Growing up, Kelly Moran spent so much time at hospitals and clinics with her radiologist father that a career as a doctor seemed natural.
But she changed her mind after visiting a medical school as a Clemson University undergraduate. “I enjoyed the disease and epidemiology and population side of medicine, but I didn’t enjoy the needles and labs,” Moran says. She was unsure what to do, but a paper from a Los Alamos National Laboratory (LANL) epidemiology research group got her attention. She emailed the authors and got a job.
The team included statistician David Osthus. “He had the most useful and intuitive and practical insights” into the data and the team’s project, Moran says. That piqued an interest in statistics and she headed to graduate school at Duke University, where she studies with advisor Amy Herring under a Department of Energy Computational Science Graduate Fellowship (DOE CSGF).
“There are all these questions you don’t really know the answer to intuitively,” Moran says, “like how do you take this data stream and turn it into useful information. That’s where statistics comes in.” Instead of becoming a niche expert, she prefers “learning a logic to how you can understand and process these masses of data that are being created today.”
The LANL project sought methods to use Internet data, such as searches and hits on Wikipedia articles, to forecast global disease or local medical trends. She helped assess whether such an approach also could be used to predict plant and animal disease – a more difficult task because “a cow can’t Google its symptoms.”
That led her into her current research, which also seeks useful insights in data troves. Moran applies methods for dimension reduction, which finds simpler underlying structures in complex data sets, making it easier to identify key elements.
For instance, Moran says, statistics on how often people have a cough or a fever or search the Internet for “flu” are underlying measurements of people suffering from a respiratory illness. “You don’t necessarily need to know all of those exact details if there’s this underlying concept of sickness you’re trying to get at.”

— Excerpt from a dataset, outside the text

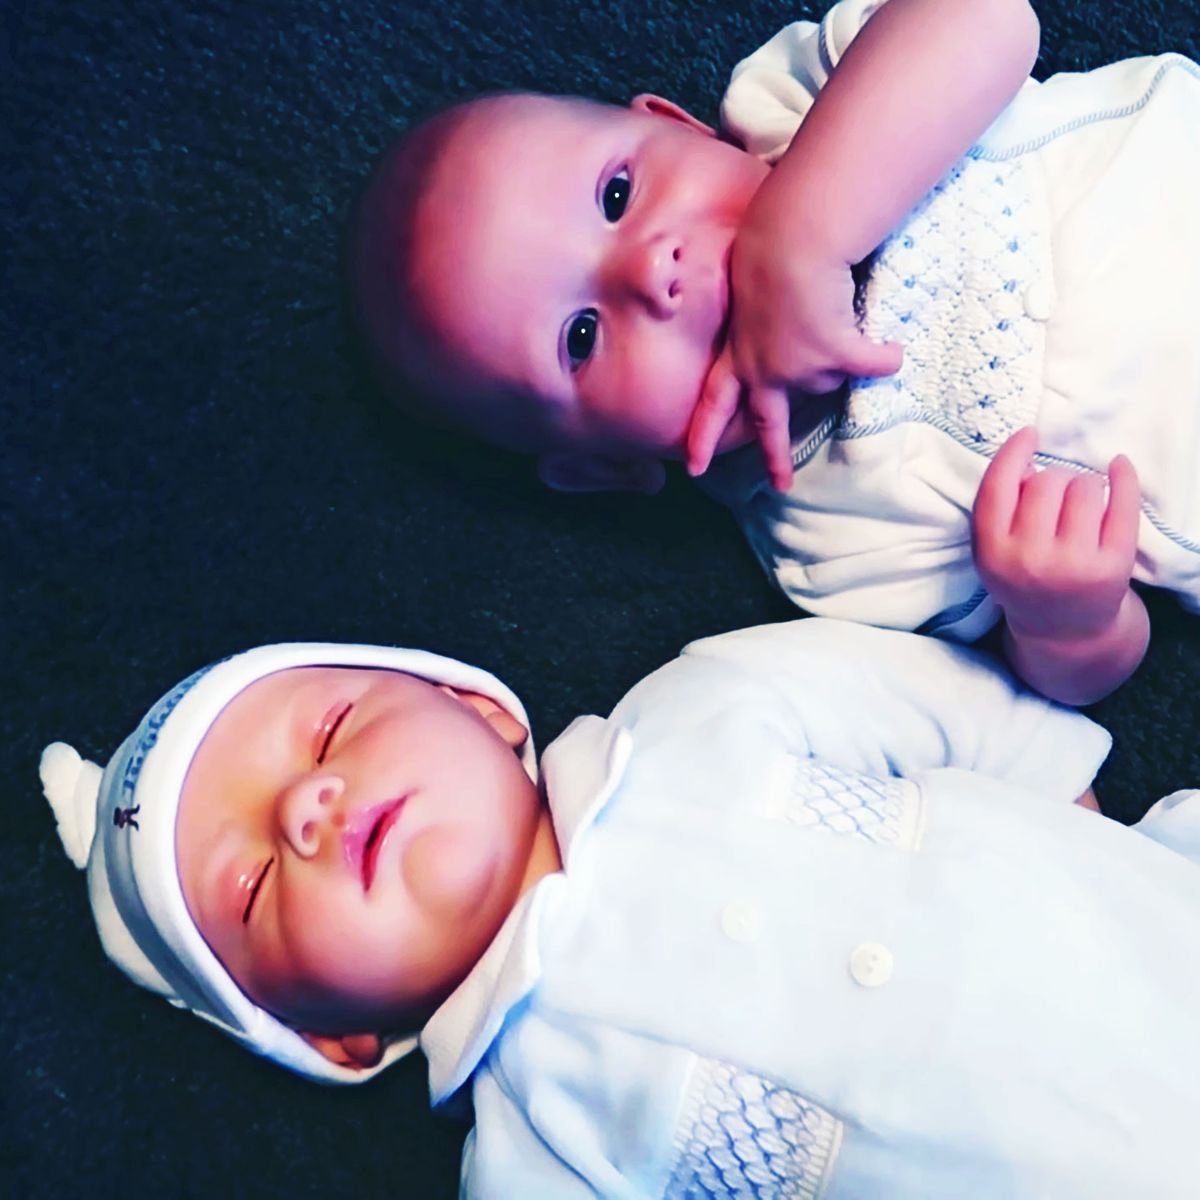 baby clone doll

One project took Moran to the African country of Tanzania to study verbal autopsy data – structured interviews with next of kin about symptoms a person exhibited before dying. Dimension-reduction could help understand those data and predict new deaths from the same condition.
In another study, Moran applied joint dimension reduction to toxicology, analyzing data on a chemical’s molecular structure and harmfulness at varying doses. The method could produce an underlying data structure that can help predict the dose response for an untested chemical.
Moran returned to LANL for two DOE CSGF summer practicums, working each time with Earl Lawrence in the Statistical Sciences Group. In 2017, she focused on statistical emulators, programs that predict, given a set of input conditions, what a large, time-consuming computer simulation would produce, along with uncertainty in that outcome.
“The big idea is that if you have some computer simulation that takes a super-long time to run,” such as a day or more, researchers could use an emulator to quickly test input settings without running the full model.
The project focused on dynamic compression experiments at DOE’s SLAC National Accelerator Laboratory, in which lasers blasts squeeze materials to quantify their responses. Researchers must perform as many tests as possible in a limited time. A statistical emulator can help them quickly identify promising parameters for their next experiment. The LANL group’s code targeted velocity data.
During her practicum, Moran improved algorithms that automatically produce emulators and the techniques to calibrate them. She incorporated uncertainty into prediction outputs, directing experimental researchers toward promising parameters.
Moran’s 2018 practicum aimed to accelerate the emulators, making them more practical for experimentalists. “We were trying to get this system to be as automated as possible,” with emulators already trained on data from the target model. Unfortunately, the software Moran chose for the task wasn’t particularly fast in handling data. “It ended up being a dead end, but the goal remains the same.”
For summer 2019, Moran is back at Los Alamos for a third practicum, working again with Osthus. They’re studying influenza forecasts from Internet-based disease surveillance models to better understand when and why they do well or fall short.
With all the time she’s spent at Los Alamos, it seems logical that Moran would end up there after graduation, sometime in 2020, but she also plans to apply elsewhere.
Image caption: A summary of select associations between signs or symptoms in a verbal autopsy data set. For example, across all decedents (bottom row), the association between these particular symptoms weakens with age (lighter colors). This could be because older people tend to have more ailments in general while younger people likely experience clusters of symptoms relating to a specific illness. Generally, these associations differ across both age and cause of death (COD), highlighting the importance of modeling these data in a way that allows covariance between symptoms that diverges by covariate and cause. Each subplot corresponds to the association between select signs or symptoms in the data as calculated by Yule's Q (a measure of association with a possible range -1 to 1). The subplot rows correspond to CODs: from top to bottom AIDS/TB (757 deaths), cardiovascular (793 deaths), injuries (839 deaths), and all causes (7,365 deaths). The subplot columns correspond to age groups: from left to right 12-24, 25-44, 45-64, 65+ and all adults. Sample sizes for each combination of COD/age group are shown in the top left of the subplots. Credit: Kelly Moran.